Galen’den ortaçağa kadar, “idrar tahlili” için hekimlerin hastaların idrarlarının rengine, kokusuna, tadına (evet, tadına) bakarak tedavi kararlarını vermek durumunda kaldıklarını biliyoruz. Bunun için kullanılan İdrar Çizelgeleri, zamanla “karaborsaya” düşmüş ve herkesin evinde bulundurduğu bir eşya haline gelmişti. Sabah idrarını yaparken Çizelge’sini elinde tutup “durumunu” değerlendiren insanlar vardı. Bugün, hastanın idrarını onlarca başlıkta değerlendirmemiz bir dakikamızı almıyor. Neyse ki artık bunun için idrarla “yakın temasa” geçmemiz de gerekmiyor.

Tıpta binlerce yıldır devam eden “Gör – Dene - Öğret” yöntemi de teknolojinin gelişmesiyle tarihe karışıyor. Artık, bir ameliyatı ilk deneyişiniz, bir insanın üzerinde olmak zorunda olmayacak. Artırılmış Gerçeklik’in cerrahlara sunduğu harika imkanları anlatan bir yazıyı Medium için çevirmiştim: İnsan Yapbozu. Yakın gelecekte bir hastanın başına geldiğinizde, yapay zeka size yapmayı unuttuğunuz bir prosedürü hatırlatacak. Bir hastanın teşhisini belirlediğinizde, gereken tetkikleri belirleyecek.

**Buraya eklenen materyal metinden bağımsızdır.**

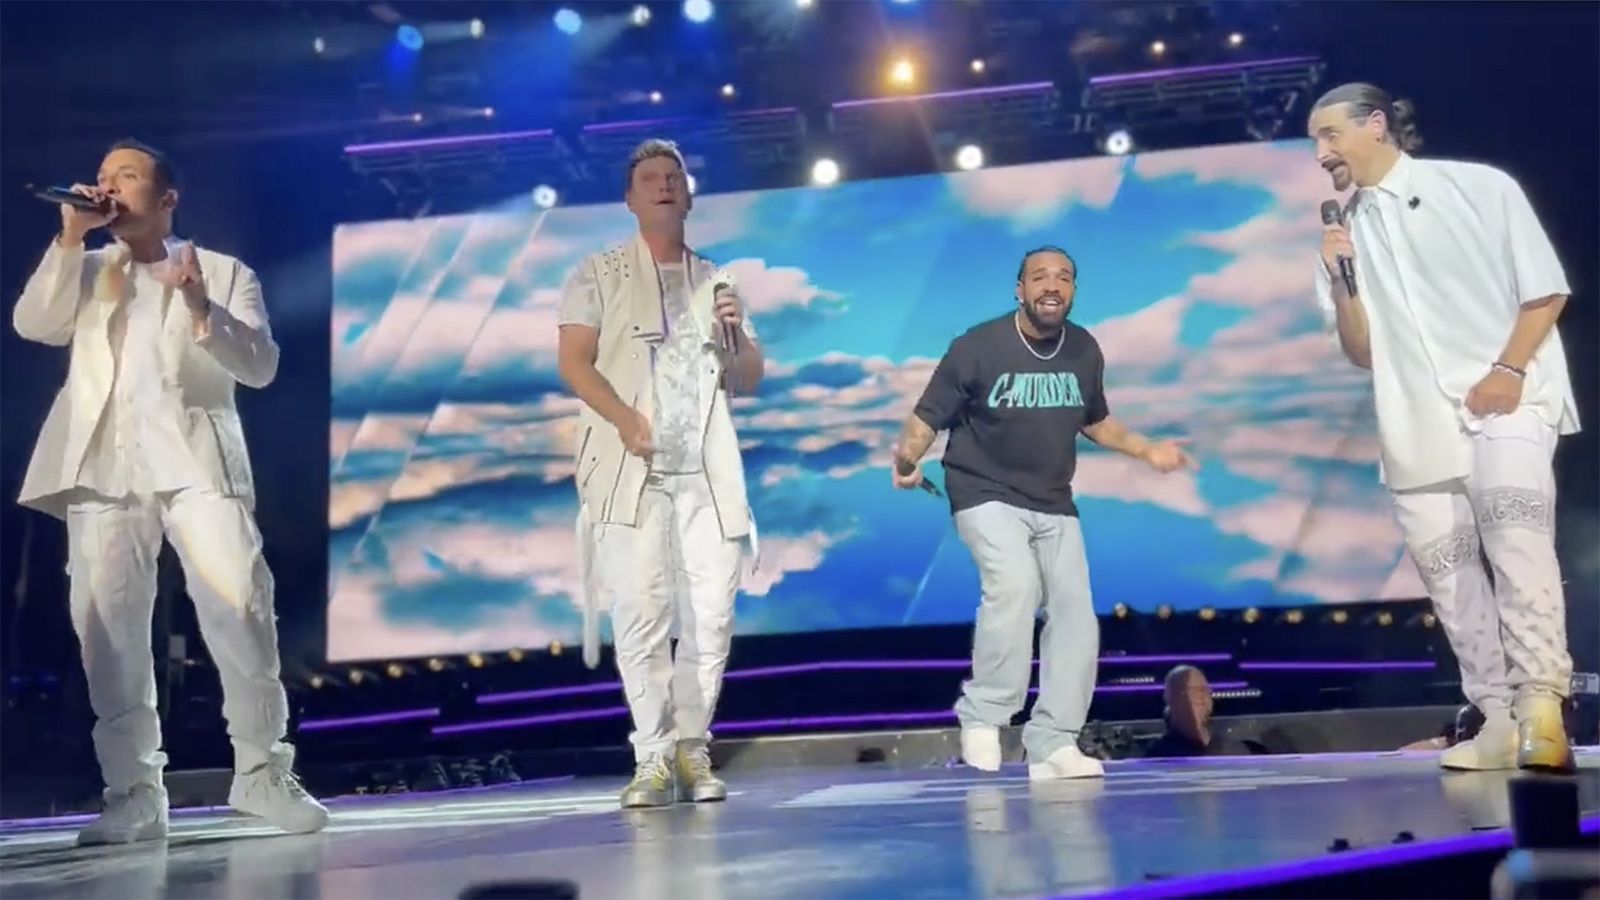 Backstreet Boys Finally Confirm The Most Famous Legend About Them

Daha iyisi, teşhis koymanızı kolaylaştıracak. Felaket anlarında, kazazedelerin önceliklendirilmesinde (triyaj) ve yönlendirilmesinde aktif rol oynayacak.

Hekimlik bin yıl öncesiyle aynı. Hala “Primum non nocere” (Önce, zarar verme). Ama bilim geliştikçe, işimiz kolaylaşıyor ve bu daha da hızlanacak. Bunu bütün mesleklere yaymak mümkün.

Kaybolan iş dalları olacak mı? Olacak. Ama çoğu bugünküne kıyasla kolay olan yeni iş dalları eklenecek.

Sadece tüketici olup, teknolojiyi kullanmakla yetinince sonu böyle oluyor.

Tüketmekten usanır, Terminator’le, Matrix’le, WestWorld’le uğraşmayı bir kenara bırakır ve böyle bir geleceği kişisel ve toplumsal olarak avantajımıza çevirebilirsek, hedeflerimize ulaşabilmemiz için hiçbir engel yok.

Doğru ahlaki önceliklere hizmet edecek şekilde, daha fazla bilim ve teknoloji… Dünyamızı kurtaracak olan bu.